= Exercise goal =
For the listing below, return the line containing "Sealskinz Unisex Waterproof", the line containing "pr caution s", and all lines in between, exactly as written and nothing else.

= Data supplied =
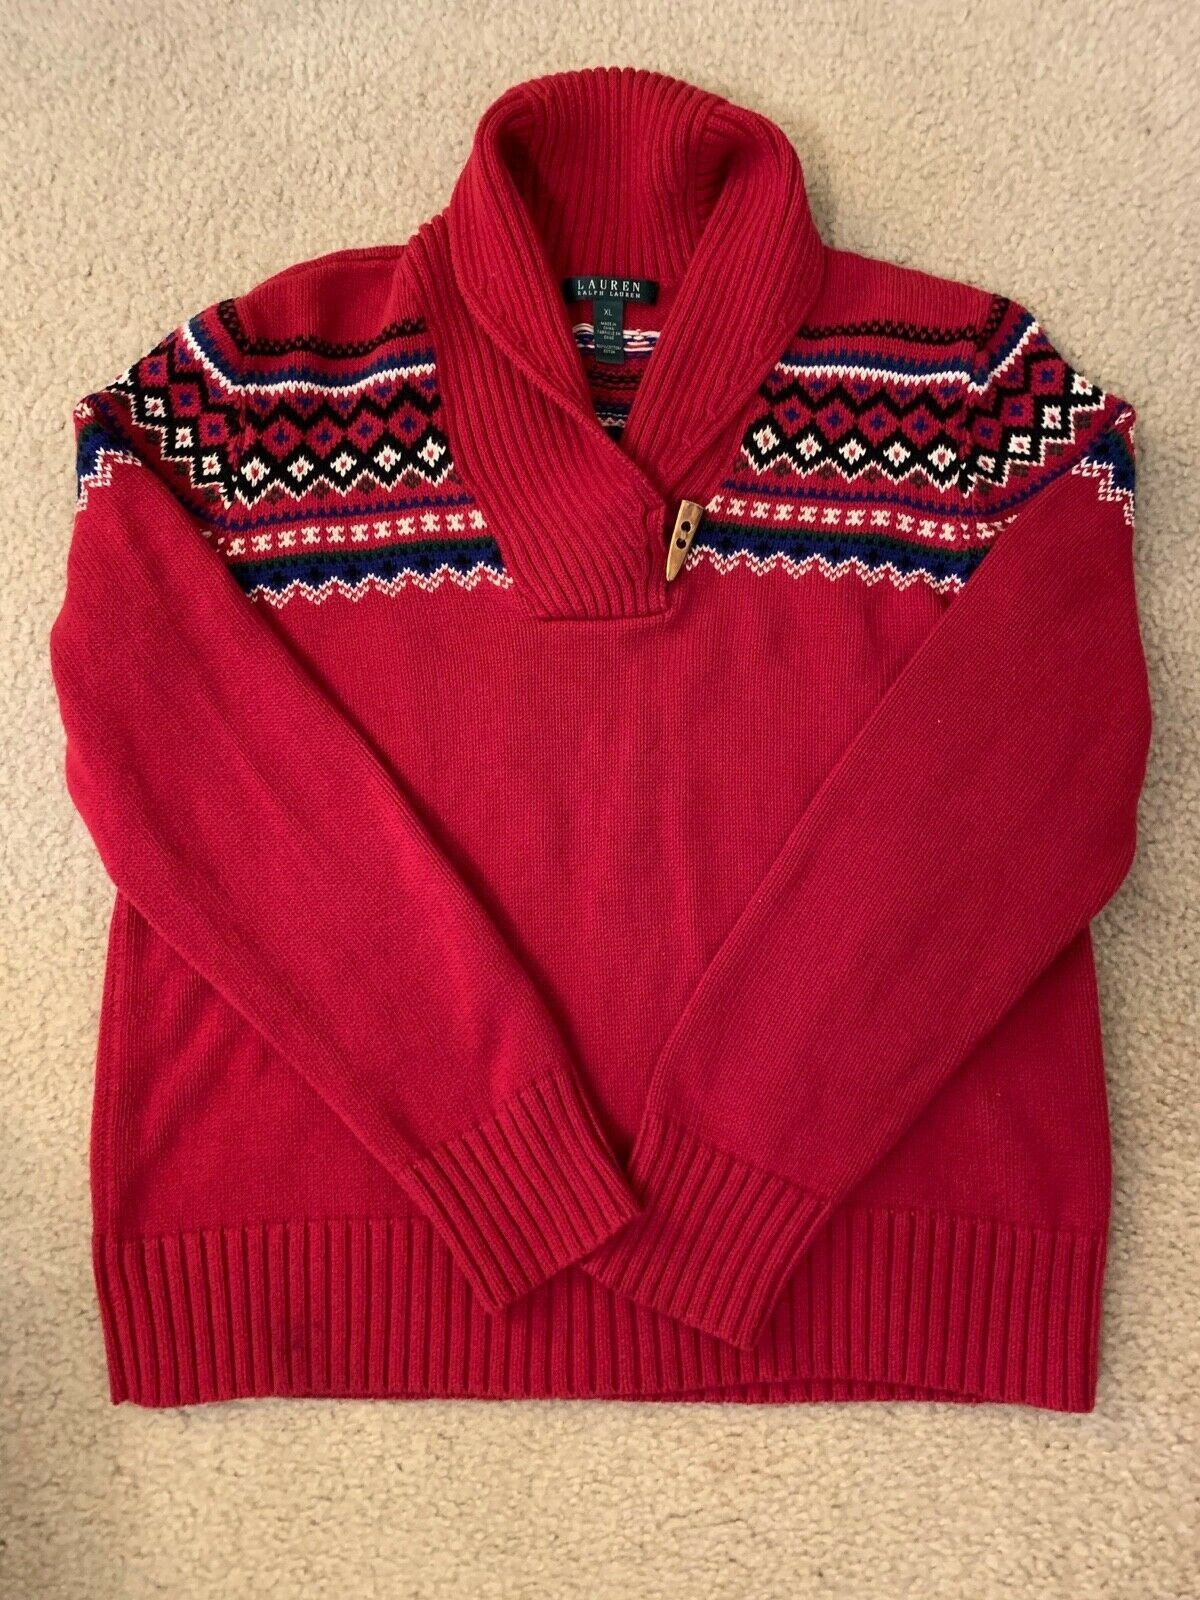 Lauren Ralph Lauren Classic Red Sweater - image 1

...

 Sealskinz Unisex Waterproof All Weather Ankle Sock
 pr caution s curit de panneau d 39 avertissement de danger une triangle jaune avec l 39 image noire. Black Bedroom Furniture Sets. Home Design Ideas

= Answer =
 Sealskinz Unisex Waterproof All Weather Ankle Sock
 pr caution s curit de panneau d 39 avertissement de danger une triangle jaune avec l 39 image noire. Black Bedroom Furniture Sets. Home Design Ideas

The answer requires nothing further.